§ Problem requirements
Set the data down exactly as it stands, and keep its pictures out.

§ Data shown
+-------+
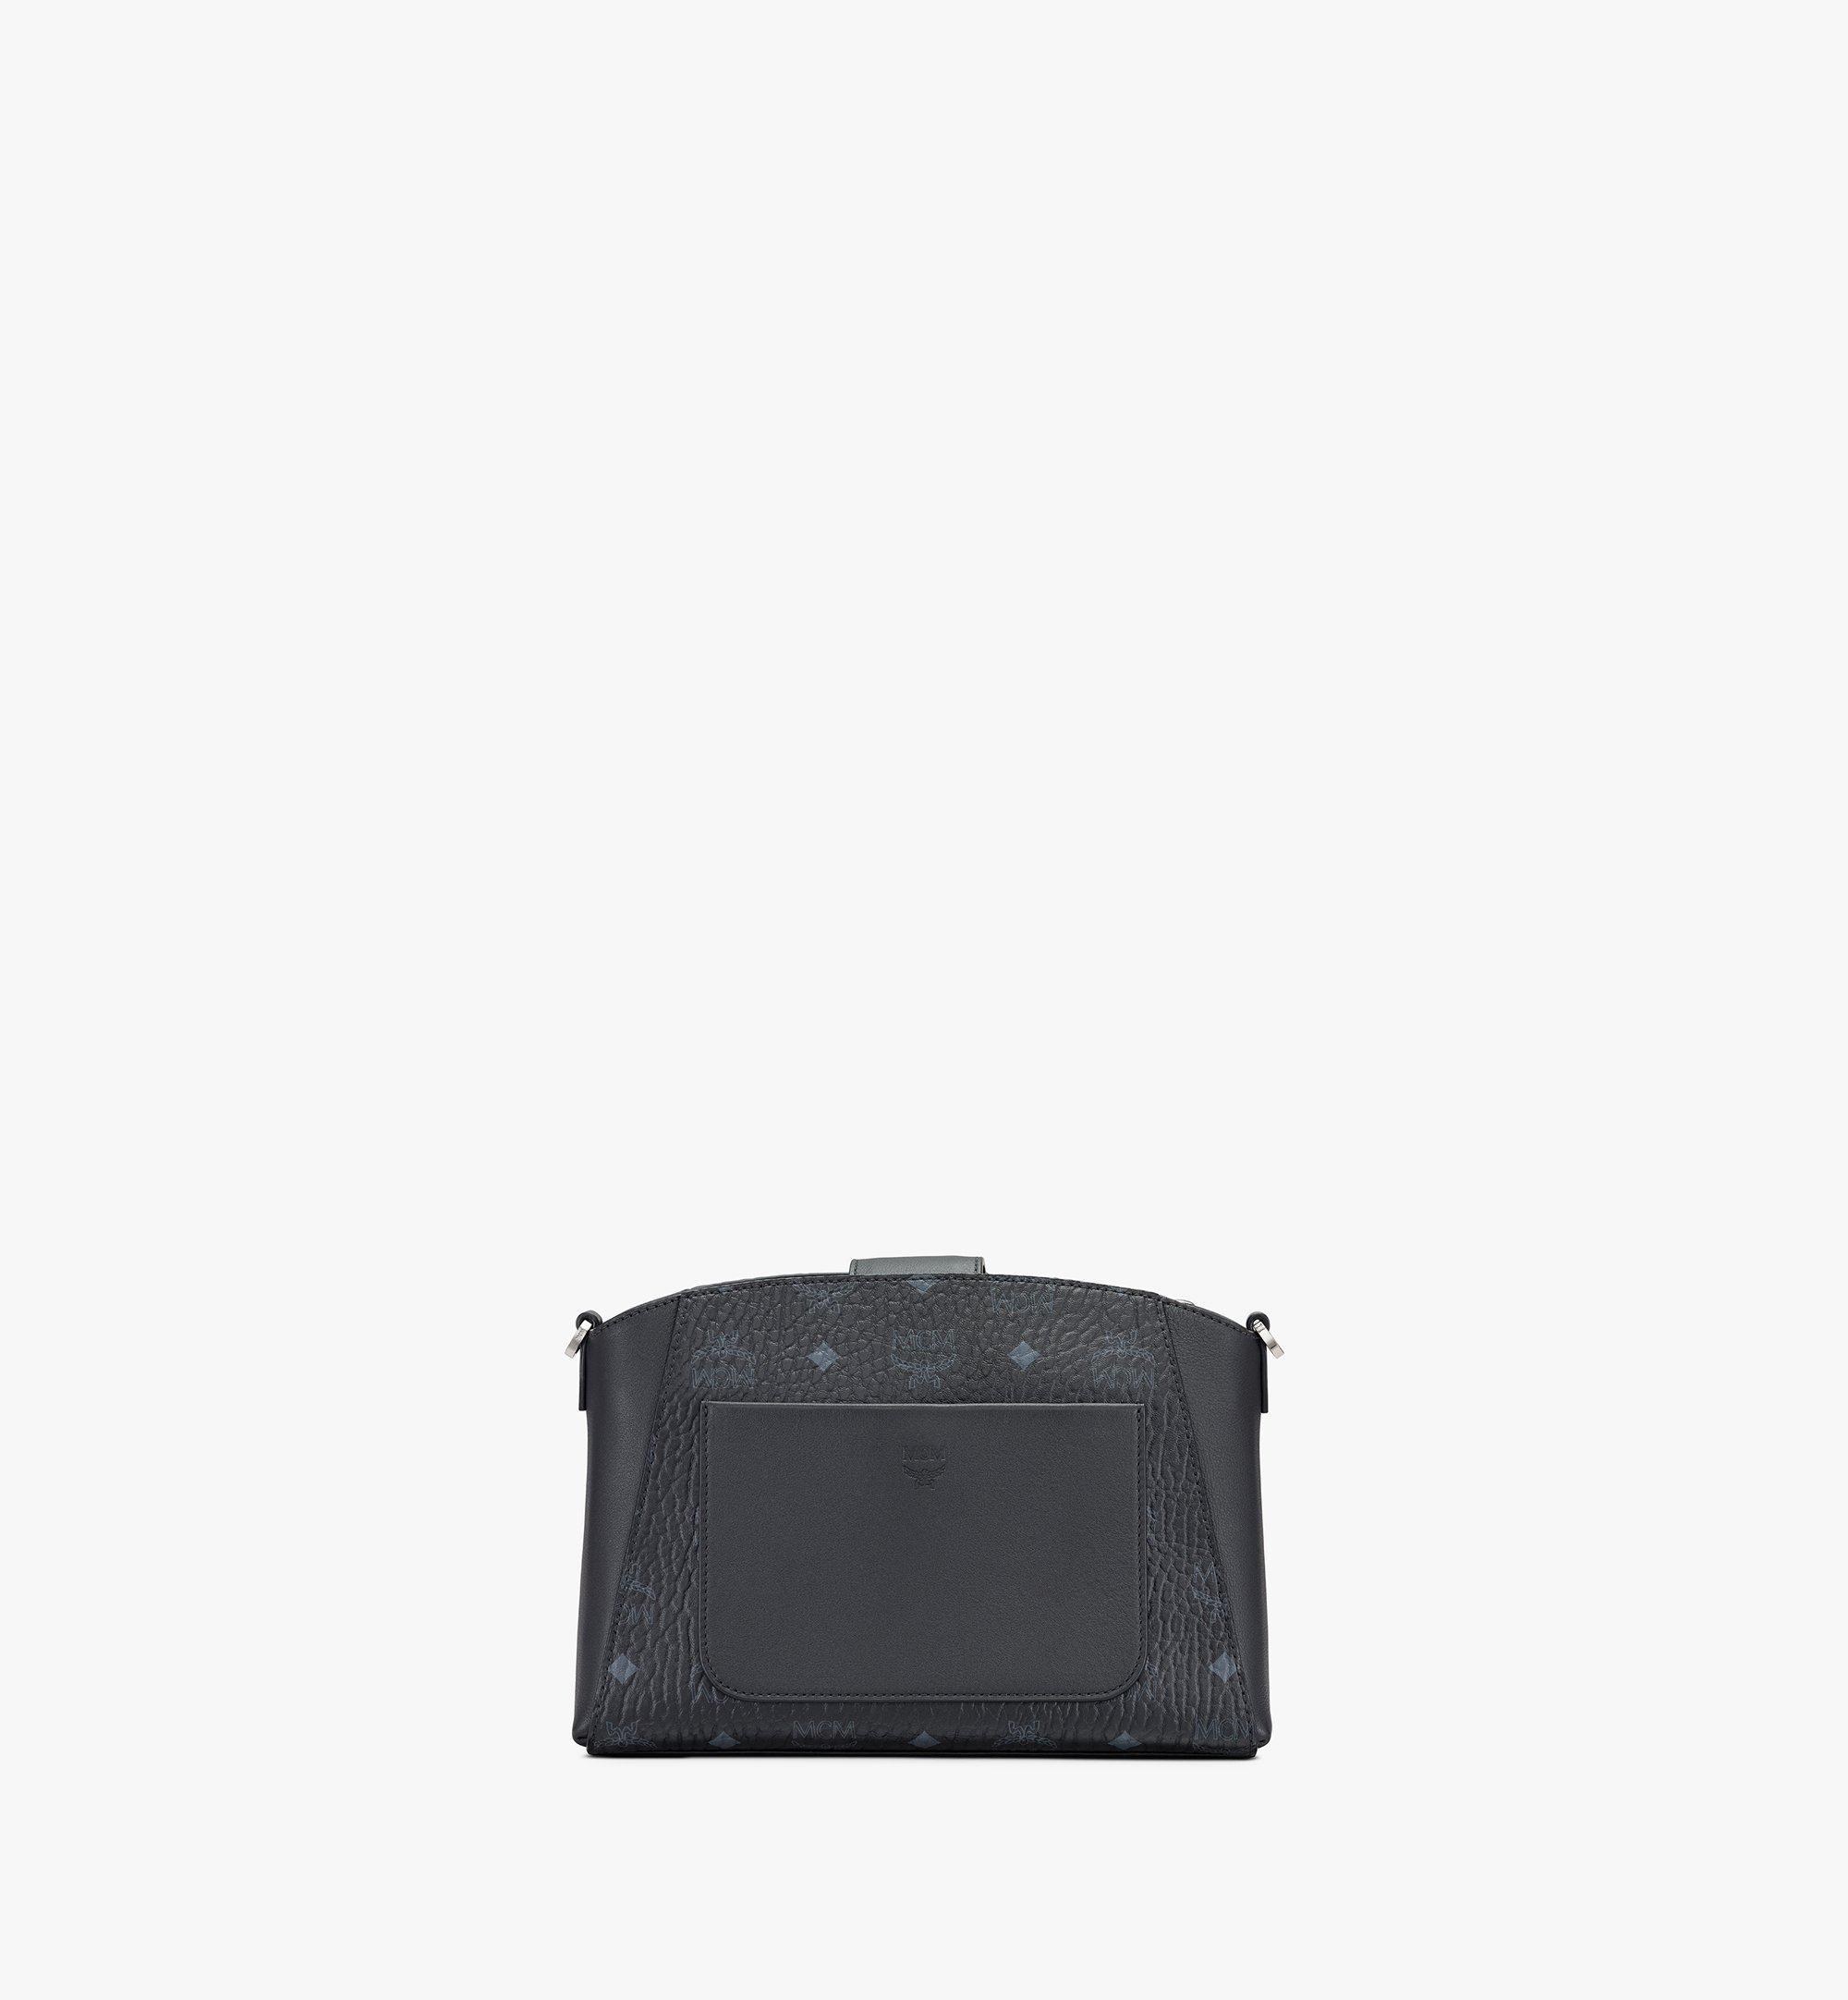 MCM Essential Crossbody Bag in Visetos Original Black MWRASSE07BK001 Alternate View 3
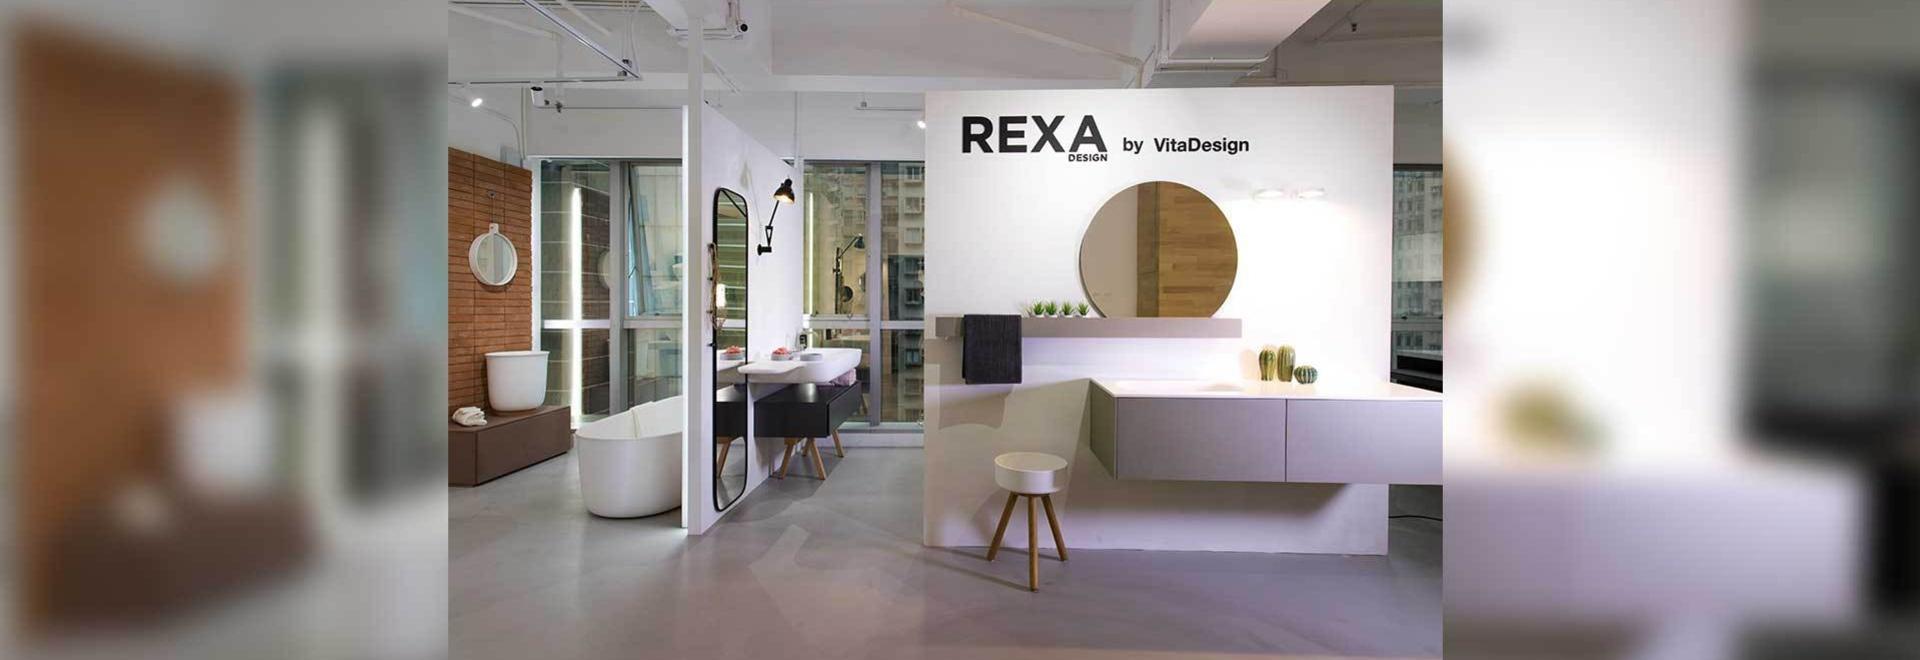 Rexa Flagship Store - Vita Design, Hong Kong
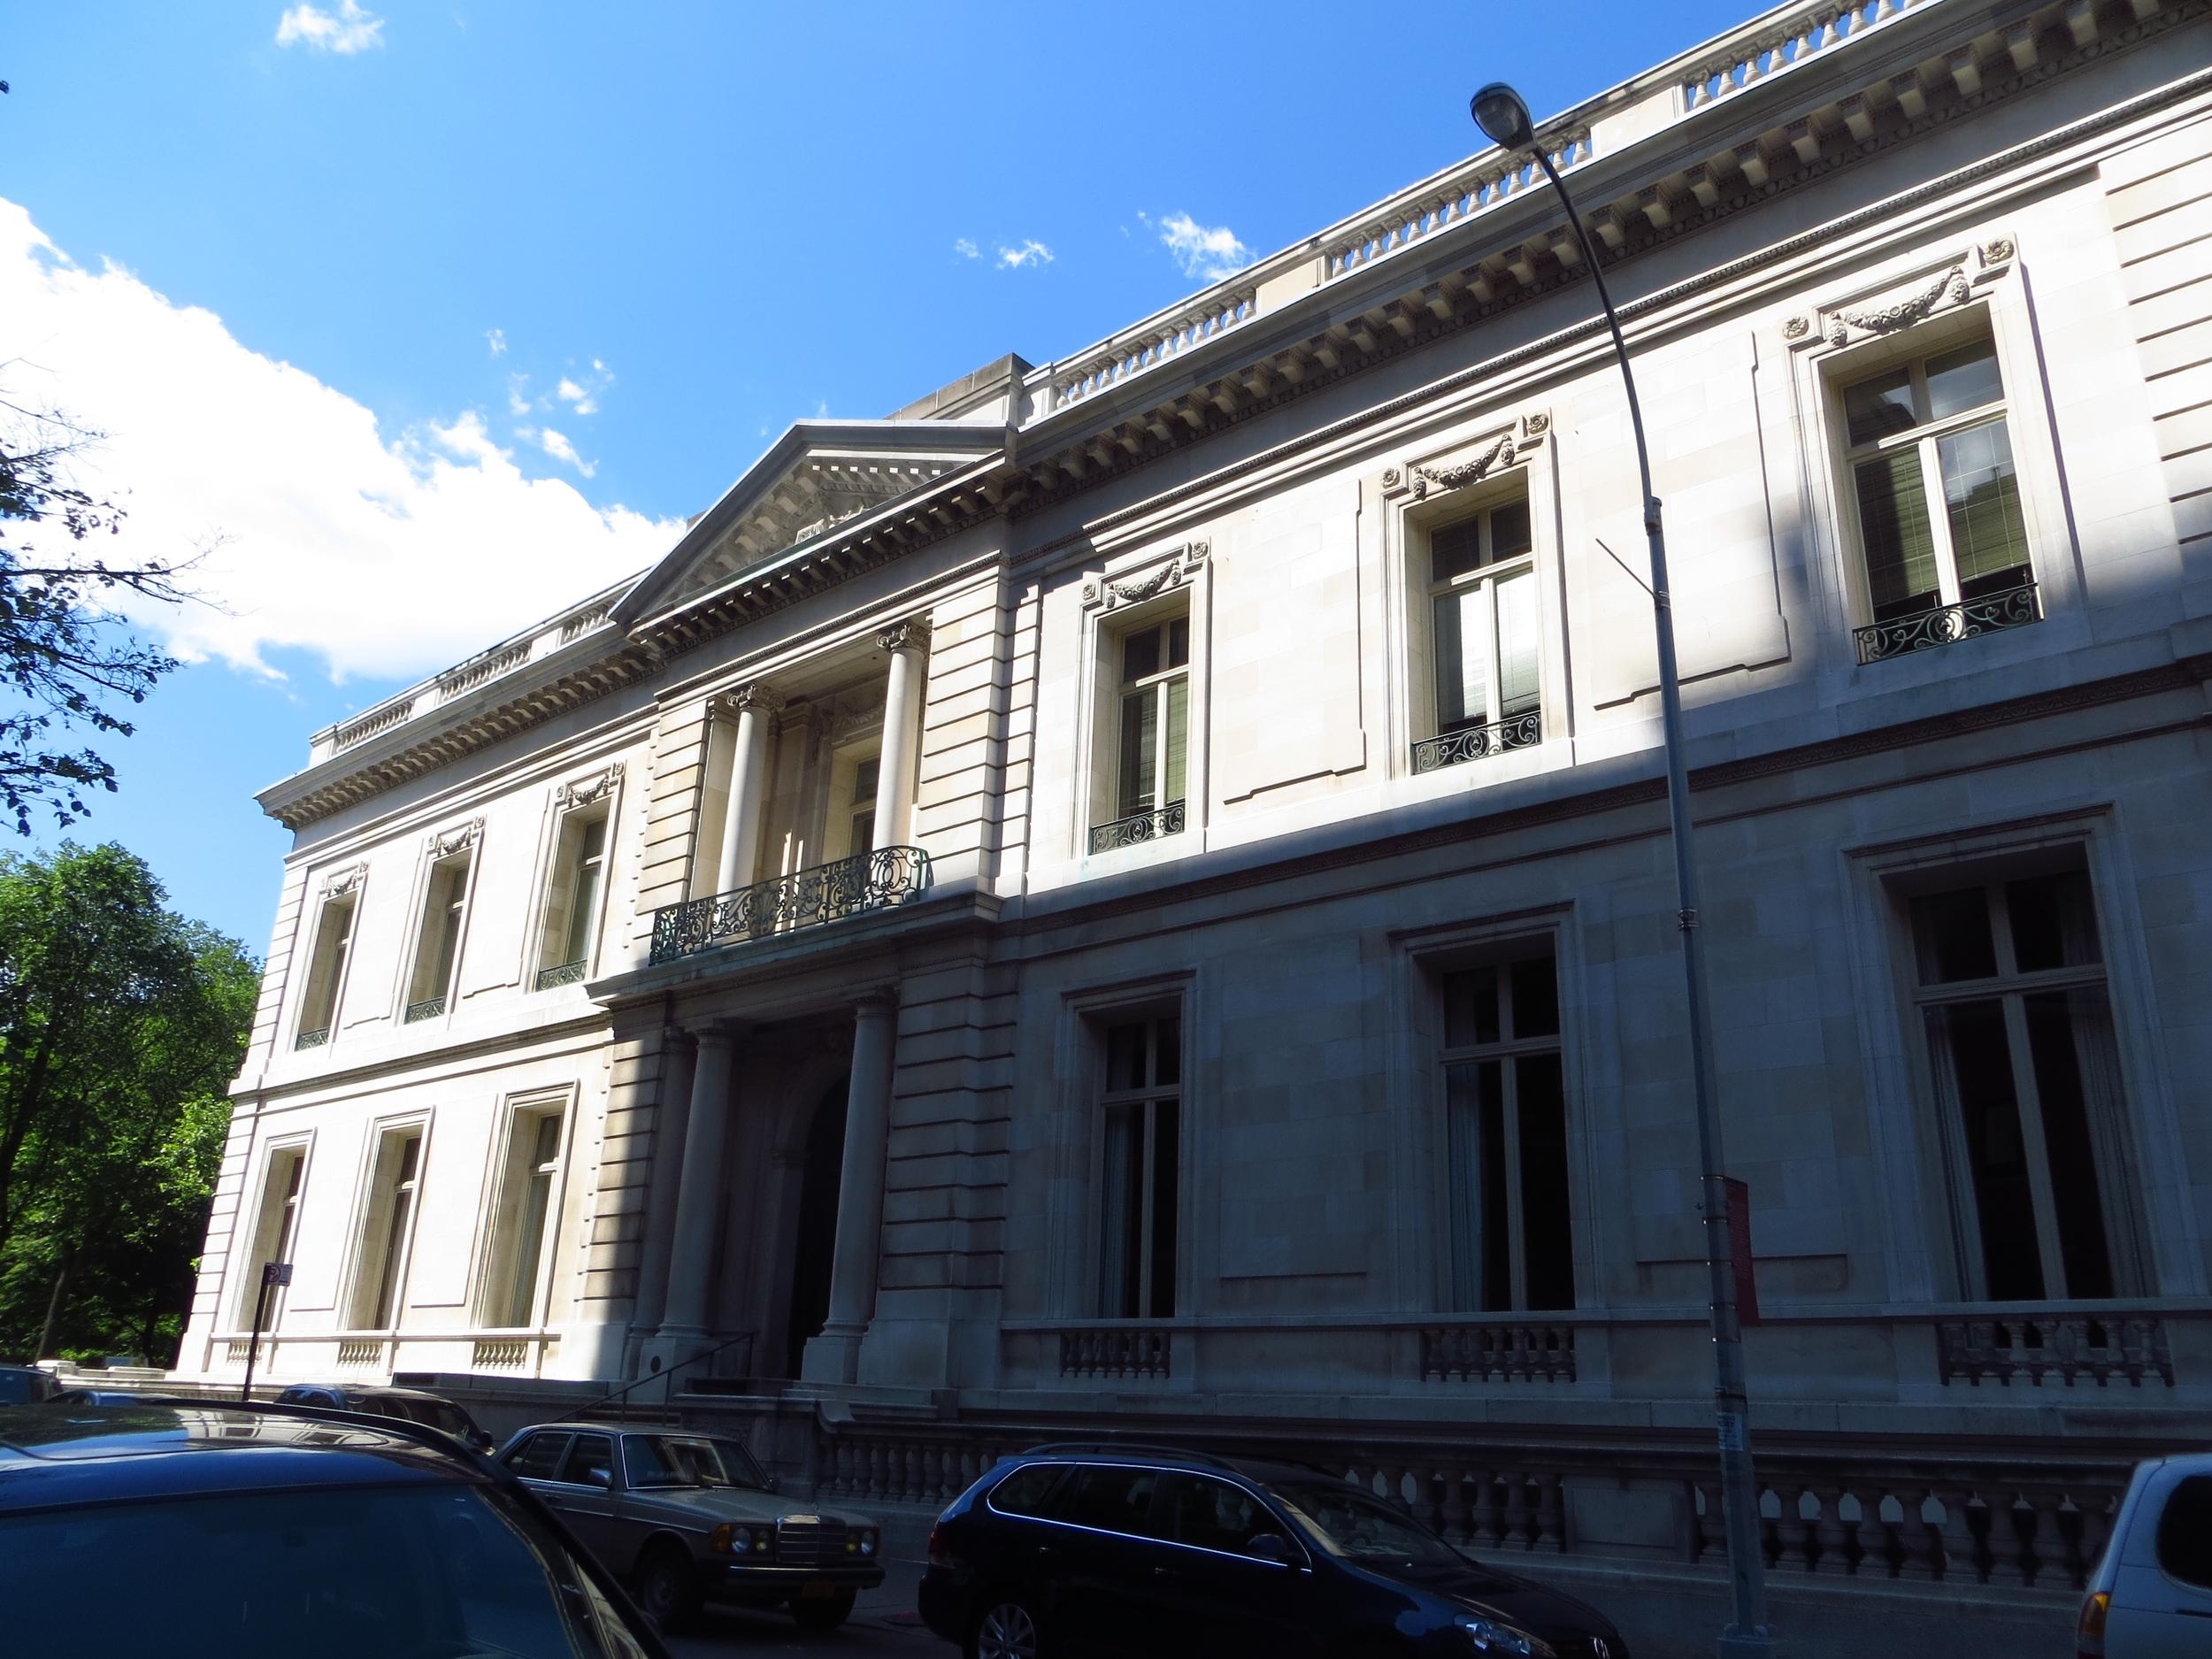 NYU Institute of Fine Arts in the James B. Duke House, as in Duke University (b. 1912)
+-------+
§ Answer for this exercise
 MCM Essential Crossbody Bag in Visetos Original Black MWRASSE07BK001 Alternate View 3
 Rexa Flagship Store - Vita Design, Hong Kong
 NYU Institute of Fine Arts in the James B. Duke House, as in Duke University (b. 1912)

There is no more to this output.